Small Changes, Big Setbacks

Story summary:

Paradoxical efforts by Pope Benedict XVI to promote interreligious dialogue and at the same time reassert Catholic superiority are visible in the current flap over reviving, then revising, the wording of prayers that some Catholics will use this Good Friday calling for conversion of the Jews. Language is a tool of both hospitality and affront.

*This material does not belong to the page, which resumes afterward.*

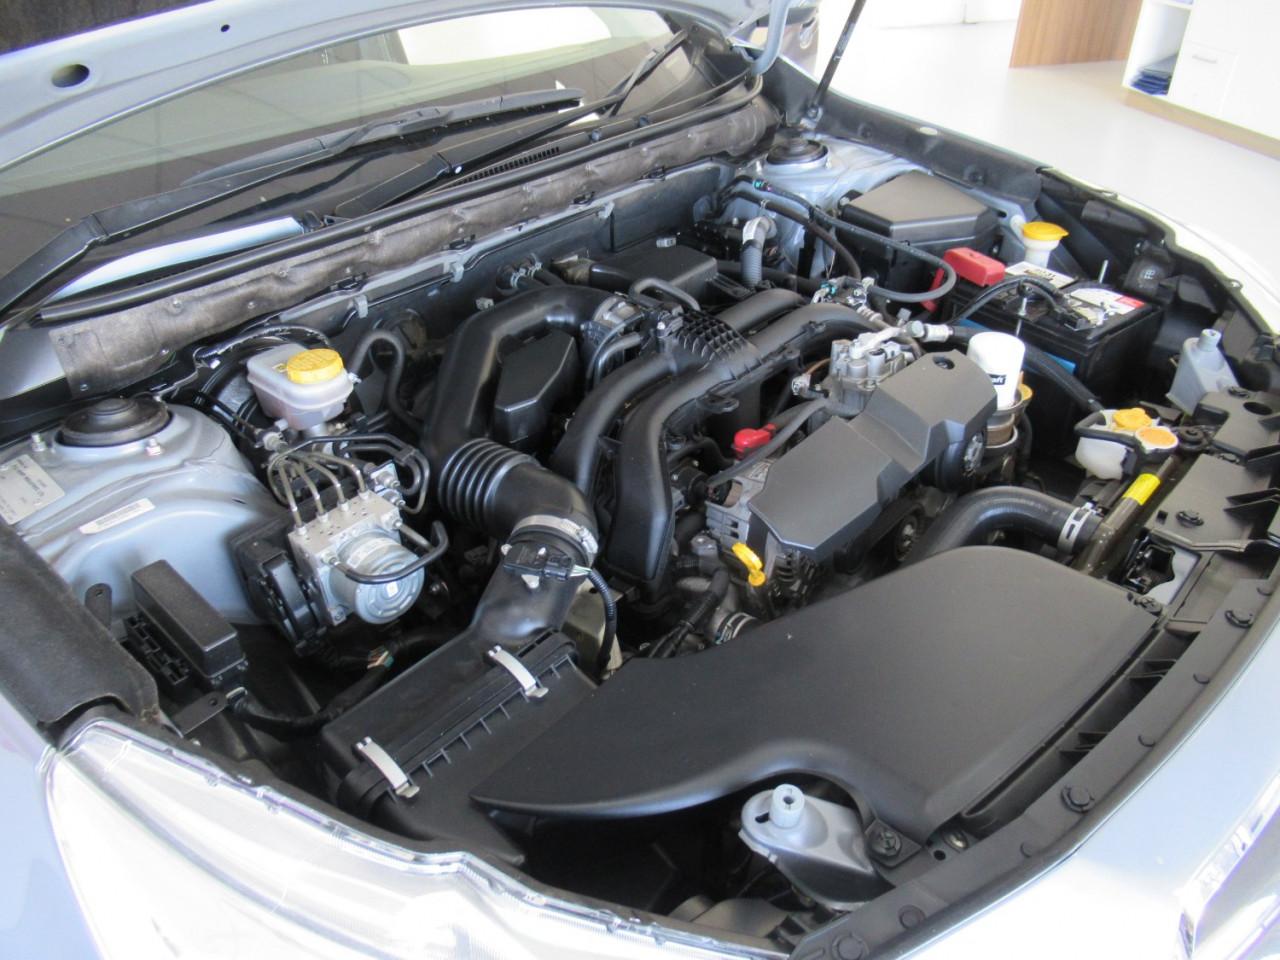 2016 Subaru Liberty 6GEN 2.5i Sedan Image 29

Unavoidably, the pope’s dual agenda has raised concerns that longstanding efforts to heal Jewish-Christian relations are being undermined.

Small Changes, Big Setbacks

National Catholic Reporter
2-22-08

It has taken four popes, beginning with Pius XII, to back the church away from language in the liturgy that referred to “the perfidious Jews” living in the darkness of unbelief and complicity in the death of Jesus Christ. This idea was directly confronted in the church’s 1965 declaration Nostra Aetate (“In Our Time”), which acknowledged the eternal validity of God’s covenant with the Jews and condemned every form of anti-Semitism. John Paul II, a witness to the Holocaust, worked tirelessly to reduce tensions and to advance Jewish-Christian dialogue. In March 2000, he prayed at the Western Wall in Jerusalem, grieving for the long history of suffering inflicted on the Jews, our brothers and sisters, the children of Abraham.